Other factors will contribute to the price of gold or the desirability of investors to acquire a gold position via equities such as: central bank liquidity, hedging close outs, continuing consolidation. Regardless of factors or conditions beyond the control of OAU, the company has moved to separate itself from the other junior gold companies. As of December 14, 2001, OAU became the oldest operating U.S. gold mining company and the only deep vein producer in the United States. A conclusion to be drawn from this is: when risk is an undeniable truism of gold mining, those companies with proven reserves and large size are usually predicted as safer long term investments. OAU celebrates its ninety third year in business and offers a unique investment opportunity because it defies conventional wisdom.

Business Plan

Continue the mine plan that has been in place for over a decade, which includes, renovation of flooded or inaccessible areas underground, pursue the advancement of gold detecting devices, and expand revenue through value added gold sales.

OAU has employed both horizontal and vertical methods to enlarge the scope of the company. Horizontal integration includes the acquisition of Kanaka Creek Joint Venture (1991), Brown Bear mine (1995) and the Plumbago Mine (1999). Vertical integration refers to our jewelry department and our interest in and exploration of relevant technology. The central aim of these integrations is to reduce risk and to stabilize and increase profits and reduce expenses.

The Sixteen to One mine is like no other mine in the world. Multi million dollar gold concentrations are scattered in small unpredictable areas of the deposit. The single greatest impediment to OAU market success has been the lack of gold production. The greatest negative impact to gold production has been restricted cash flow. The board of directors have approved management’s plan to generate cash in order to improve the results of its mine plan.
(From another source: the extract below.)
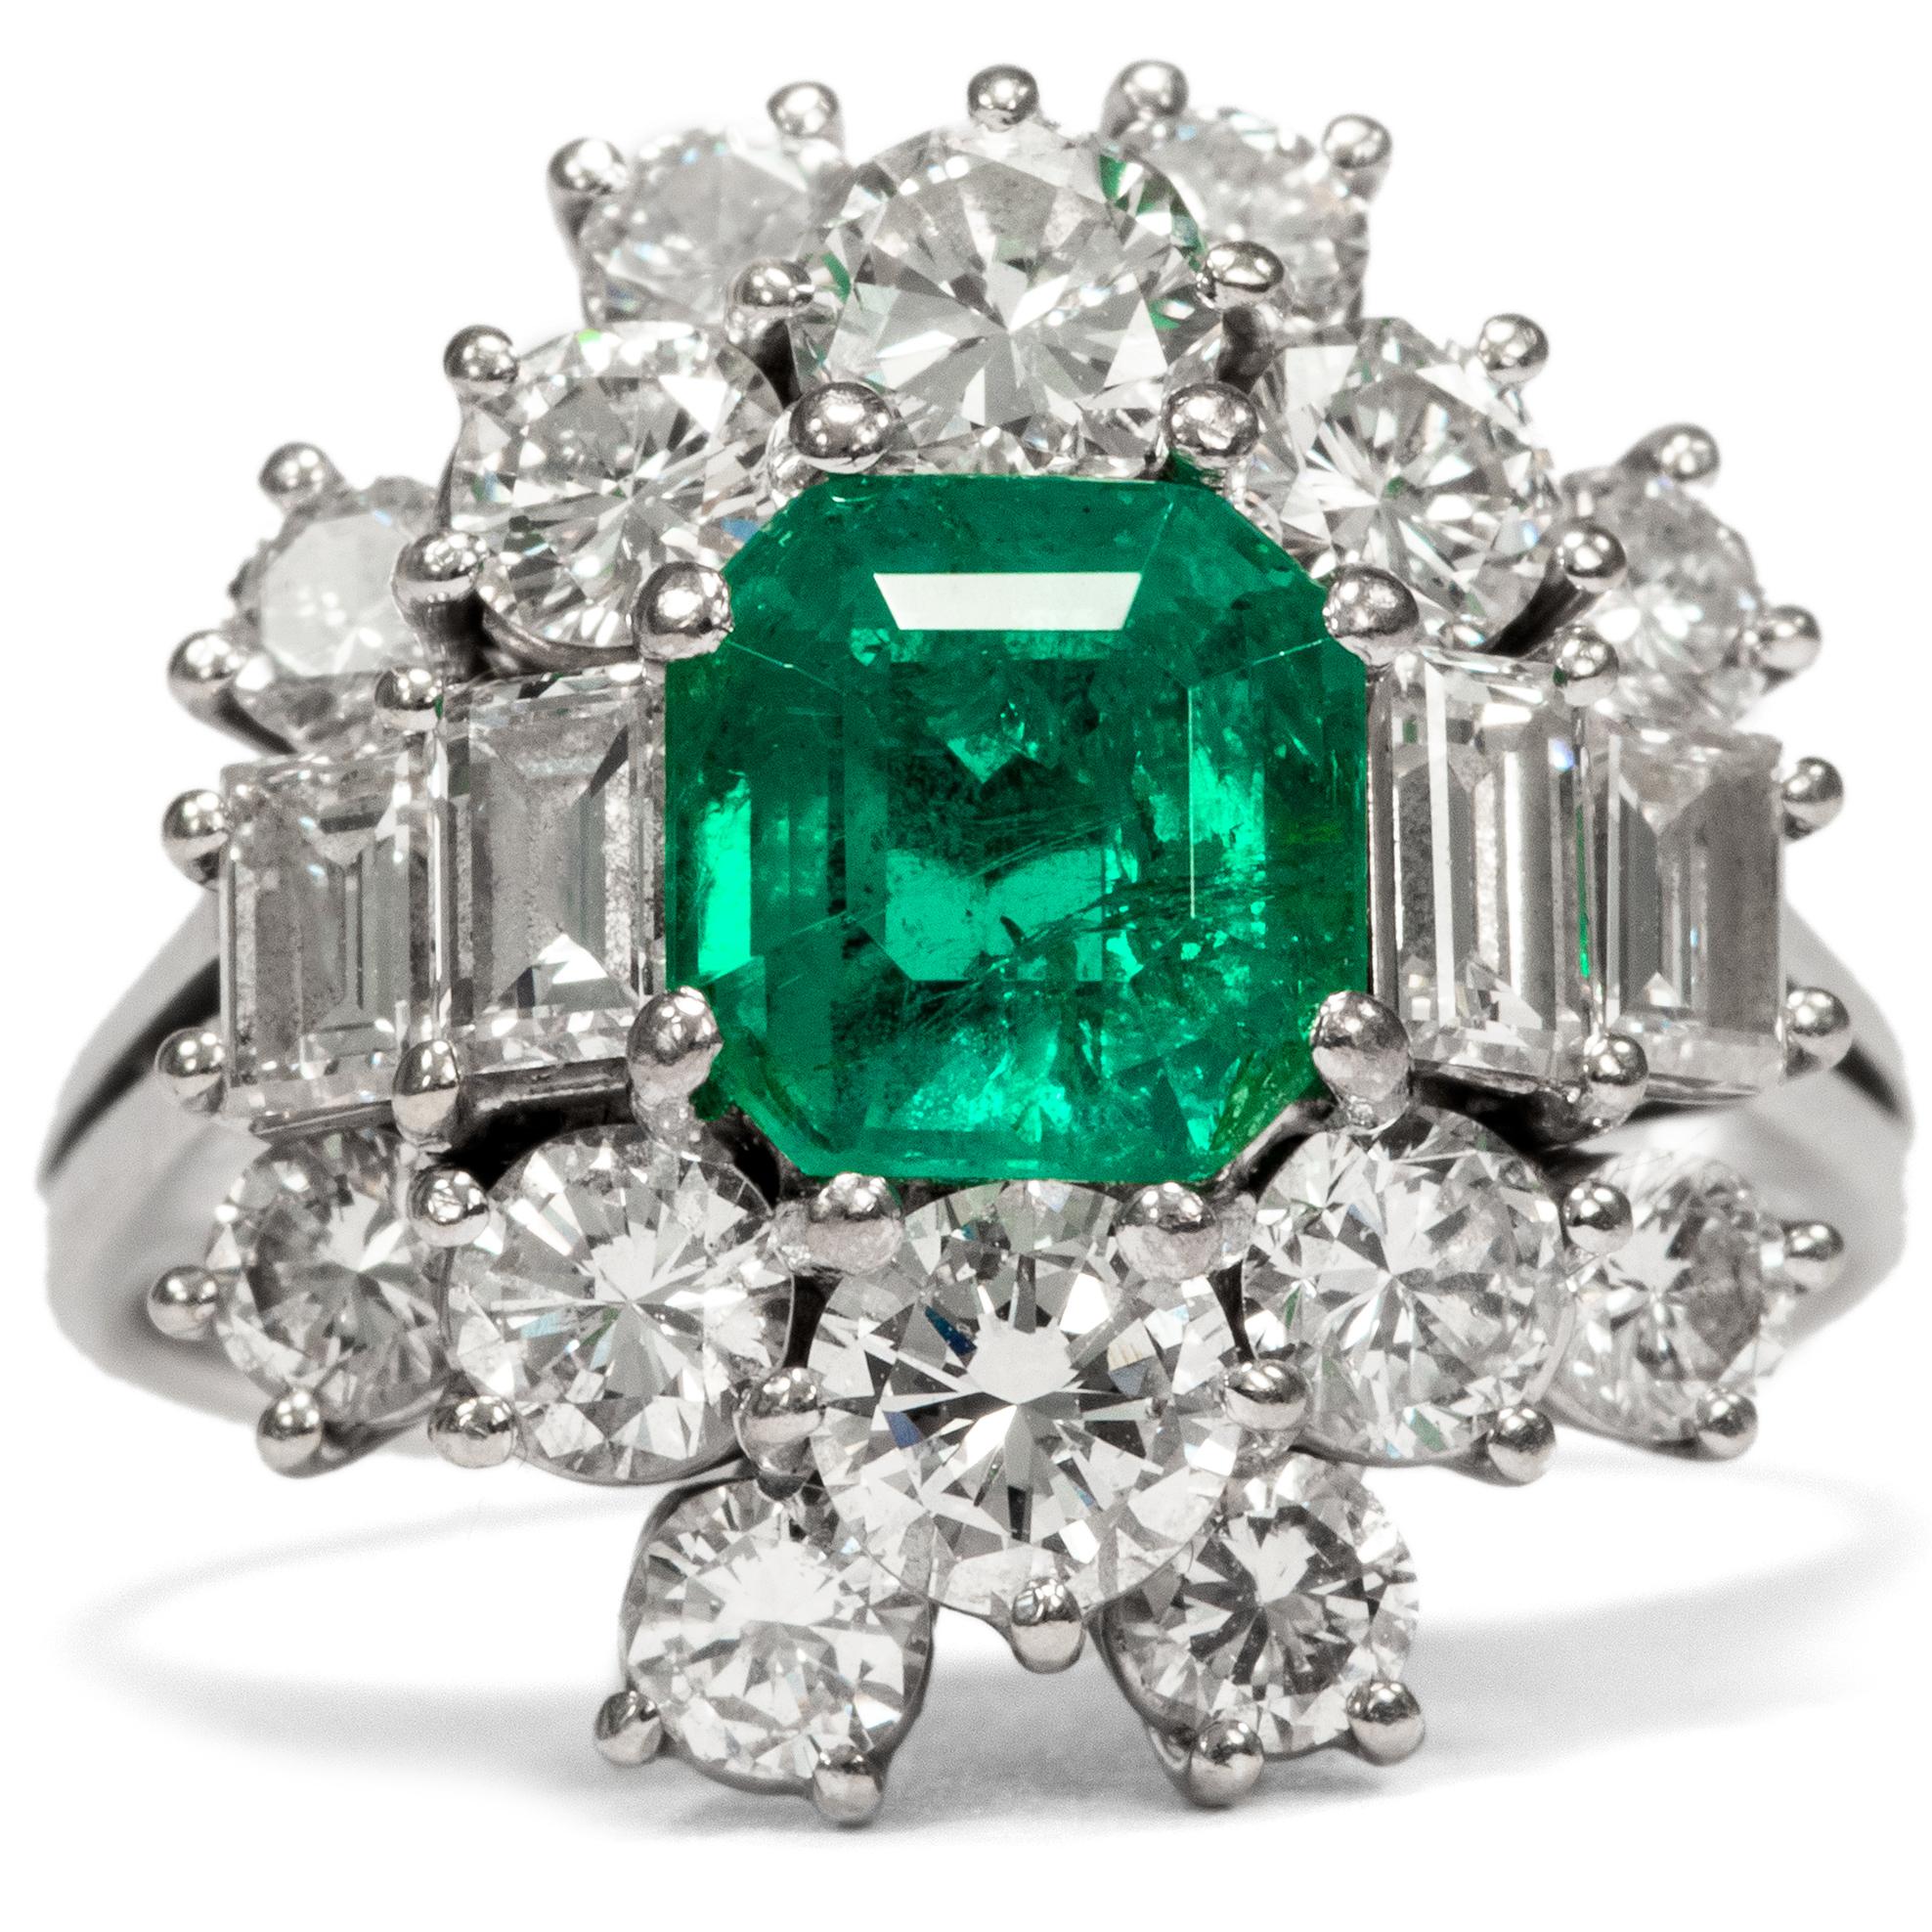 Dieser exquisite Ring ist eine kreative Interpretation des klassischen Clusterrings. In seinem Zentrum befindet sich ein leuchtend grüner Smaragd, wunderschön klar und mit einem Gewicht von 1,30 Karat. 18 Diamanten im Brillant- und Baguetteschliff

An investment group has expressed an interest in acquiring a twenty (20) percent equity ownership in OAU and provide the company with a six million dollar cash infusion. This amounts to a price per share of $2.00. The agreement combines free trading stock and treasury stock.

The investors are sophisticated and have business relationships with a Canadian brokerage house. No sooner than April 16, 2002 (six months after the x-date of share split.) a tender offer may be offered to all shareholders. As of today management will neither recommend nor object to the tender offer. Because certain members of management may join the investment group, it has been recommended that at least a 180 day lapse between the stock split and the tender offer.

The simplest most important factor for the outside investment is funding the construction and testing of a new gold detecting device designed specifically for the Sixteen to One Mine. Those who have investigated the Sixteen to One have realized that once the existing technology is refined, profitability should increase dramatically.
During the past three years, productivity diminished due to excessive harassment by governmental agents and agencies. The small staff was consumed defending the company. Management was forced into a defensive posture and suffered the consequences of such a position. The shareholders and public relations programs were halted. The company evaluated where it was and where it was going as a SEC reporting company. A decision was made to compete for investor attention as a gold mining company for the twenty first century.

Summary:
· Execute financial plan, technological plan and mining plan.
· Inform public about our activities.
· When the value of OAU shares mirror the value of OAU assets, continue the horizontal and vertical programs.

As president and CEO of California’s oldest mining corporation and the oldest operating U.S. gold mine, I am saddened at the thought that the west coast could lose the historic business relationship between the exchange and the Original Sixteen to One Mine, Inc. The Company is not in financial trouble, gold assets are greater than debt. The fair market value of other assets is greater than the market cap at one dollar per share.

I have experienced difficulties in writing this letter to you because of the sensitive nature of the disclosures I have made. Nothing included herein should be discussed or distributed to anyone outside of your organization.

Any way we can reverse the de-listing process would be greatly appreciated.


Sincerely yours,



Michael M. Miller
President/C.E.O.
 By Michael Miller

05/13/2002  11:55AM

The PCX suspended trading OAU on March 21,2002. On March 22,2002 PCX scuttled its last trading desk and closed its doors. The members just quit after a history going back to the San Francisco Mining Exchange. One of our shareholders who held a seat years ago on the old Pacific Stock Exchange investigated the circumstances of OAU suspension. He wrote me on April 27, 2002 with his concern: “The shareholders of Original Sixteen To One Mine, Incorporated representing nearly thirteen million shares, have been damaged by actions of the PSE in suspending their shares in an environment of rising gold prices.” The shareholder threatens to file a suit in federal court against the PCX and demanded a SEC investigation into the exchange.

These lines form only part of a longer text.